Before inference, OmniGuard runs every image and audio input through a standardized preprocessing pipeline. The steps normalize each input into a consistent representation regardless of its original format, resolution, sample rate, or encoding. Text needs no preprocessing of this kind and is moderated directly.

Preprocessing is deterministic. Identical content produces identical features. When the same logical file returns different moderation outcomes across submissions, the difference almost always comes from the source file itself (its encoding, compression artifacts, metadata, or decoder behavior), not from OmniGuard.

Image preprocessing

Every submitted image runs through three steps.

1. Decode and RGB normalization

The image is decoded into a standard 3-channel RGB representation. A few decoding behaviors are worth knowing, because they are the usual reason two "identical" images score differently.

Lossy compression
JPEG images are decoded exactly as stored. Because JPEG uses lossy techniques like DCT quantization and chroma subsampling, decoded pixels are generally not identical to a lossless source. Converting a PNG to JPEG, or re-saving a JPEG several times, shifts pixel values.
Transparency (alpha)
The alpha channel is removed with no compositing against a background. Transparent pixels keep their stored RGB values rather than being flattened against white, black, or any other color.
ICC color profiles
Embedded color profiles are not applied. Pixels are interpreted directly as stored, so two files with identical visual content but different profiles can decode to different RGB values.
EXIF orientation
Orientation metadata is not applied. Rotations and flips recorded in EXIF are ignored and the raw stored pixel arrangement is used. Bake orientation into the pixels before upload for consistent behavior.

2. Aspect-ratio preserving resize

If the longest edge is larger than 512 pixels, the image is downscaled with bicubic interpolation so the longest edge becomes exactly 512 pixels, preserving aspect ratio. If the longest edge is already 512 pixels or smaller, no resizing happens. The step is fully deterministic: identical input pixels at identical dimensions always produce identical output.

3. Model processor

The normalized RGB image is passed to the model's native image processor, which handles tensor conversion, pixel normalization, tiling and patch generation, and model-specific feature preparation. OmniGuard does not modify or override these model-native steps.

For reproducible image results: use a lossless format (PNG preferred), bake orientation into the pixels, avoid repeated JPEG re-encoding, and strip unnecessary metadata before upload.

Audio preprocessing

OmniGuard supports common audio containers and codecs, including MP3, WAV, FLAC, OGG, and M4A. Additional formats may work depending on the decoder stack. Every submitted file runs through four steps.

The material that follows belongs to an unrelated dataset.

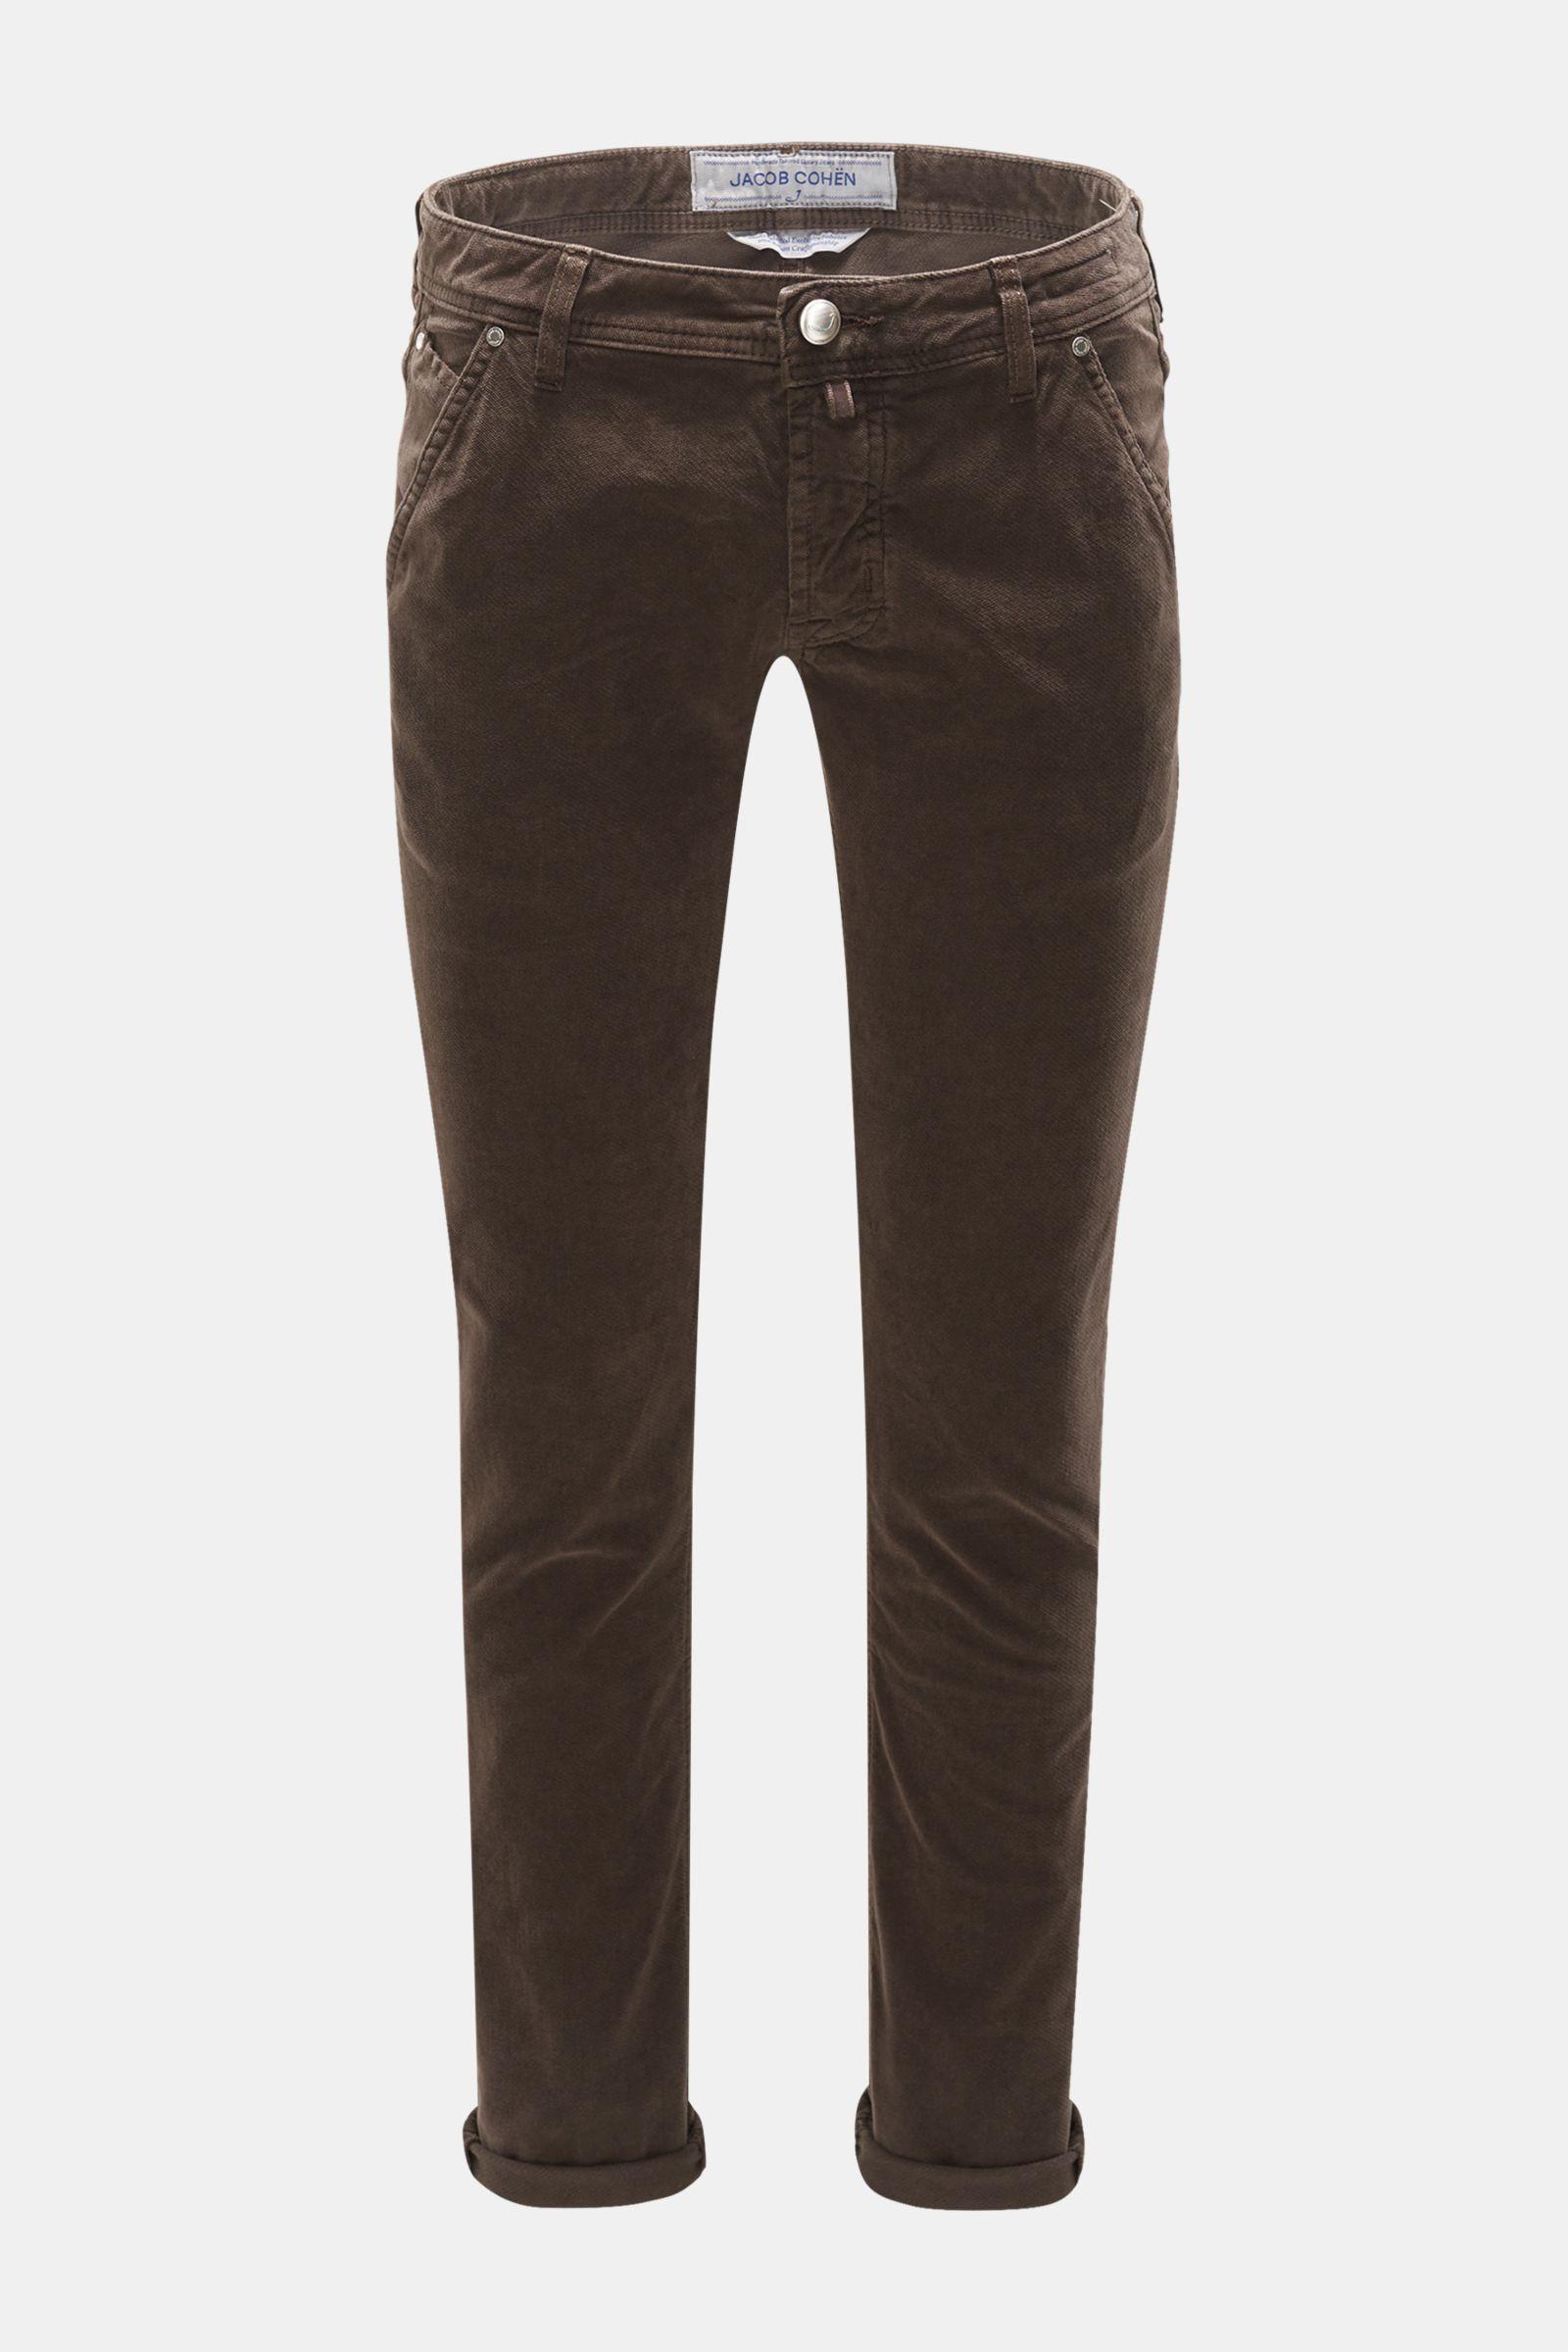 Baumwollhose 'J613 Comfort Extra Slim Fit' graubraun

1. Decode, resample, and downmix

Audio is decoded into a waveform, resampled to 16 kHz regardless of the original sample rate, and downmixed to mono.

2. Length normalization

OmniGuard analyzes audio in a fixed 300-second (5-minute) window. Clips shorter than 300 seconds are padded with silence; clips longer than 300 seconds are truncated to the first 300 seconds. This is deterministic and gives every input an identical duration.

3. Log-mel spectrogram

The 16 kHz mono waveform is converted into a log-mel spectrogram with the parameters below, using standard log-magnitude scaling and normalization. No dithering or artificial noise is added, so identical waveforms always produce identical features.

ParameterValue
Mel-frequency bins128
Analysis window25 ms
Hop size10 ms
Sample rate16 kHz, mono

4. Model processing

The spectrogram features are passed directly to the moderation model. OmniGuard does not modify or override the model's native feature processing beyond the steps described here.

For reproducible audio results: submit lossless audio when you can, ideally 16 kHz mono WAV or FLAC. Lossy formats like MP3, AAC, and OGG permanently alter the waveform during compression, and different decoders can introduce small numerical differences. Converting WAV to MP3 and back will not reproduce the original waveform exactly, even when it sounds identical.

Request types

A request type tells OmniGuard which moderation workflow to run. It is set with the REQUEST_TYPE field and defaults to prompt when omitted.

Request typeModeratesTypical use
promptUser-provided contentInput safety, file uploads, voice assistants
responseAn LLM response, in the context of its promptOutput filtering, inline generation blocking
multiturnA full chat conversationPersistent chat and agentic workflows
versionNothing; returns deployed artifact hashesDeployment verification and audit

Prompt moderation is single-shot. Response moderation builds an internal system → user → assistant conversation and scores the final turn with a dedicated response-safety probe. Multi-turn moderation evaluates an entire history and is covered in Multi-turn moderation.

Reading a verdict

Every moderation request returns the same contract, so your handling code stays consistent across modalities and request types.

OutputTypeShapeMeaning
SCOREFP32[1]Moderation probability for the content
FLAGGEDBOOL[1]Threshold decision: did it cross your policy line
SUBCATEGORY_SCORESFP32[13]Per-category probabilities across the taxonomy
SUBCATEGORY_FLAGSBOOL[13]Per-category threshold decisions
CACHE_USAGEINT32[8]KV-cache statistics for multi-turn requests

Subcategory outputs populate only when a request is flagged and the relevant subcategory probe is loaded, so a clean request stays cheap. Use SCORE when you want to set your own threshold, and FLAGGED when you want OmniGuard's default decision.

Moderation taxonomy

OmniGuard classifies content against the MLCommons safety taxonomy. The 13 categories map directly to the index positions in SUBCATEGORY_SCORES and SUBCATEGORY_FLAGS.

0Violent Crimes
1Non-Violent Crimes
2Sex-Related Crimes
3Child Sexual Exploitation
4Defamation
5Specialized Advice
6Indiscriminate Weapons (CBRNE)
7Hate
8Privacy
9Intellectual Property
10Sexual Content
11Suicide & Self-Harm
12Cybersecurity

What OmniGuard catches

Beyond category classification, OmniGuard is tuned for four jobs that matter most in production AI.

Safety moderation
Universal harmfulness detection across the 13-category taxonomy, for prompts and responses.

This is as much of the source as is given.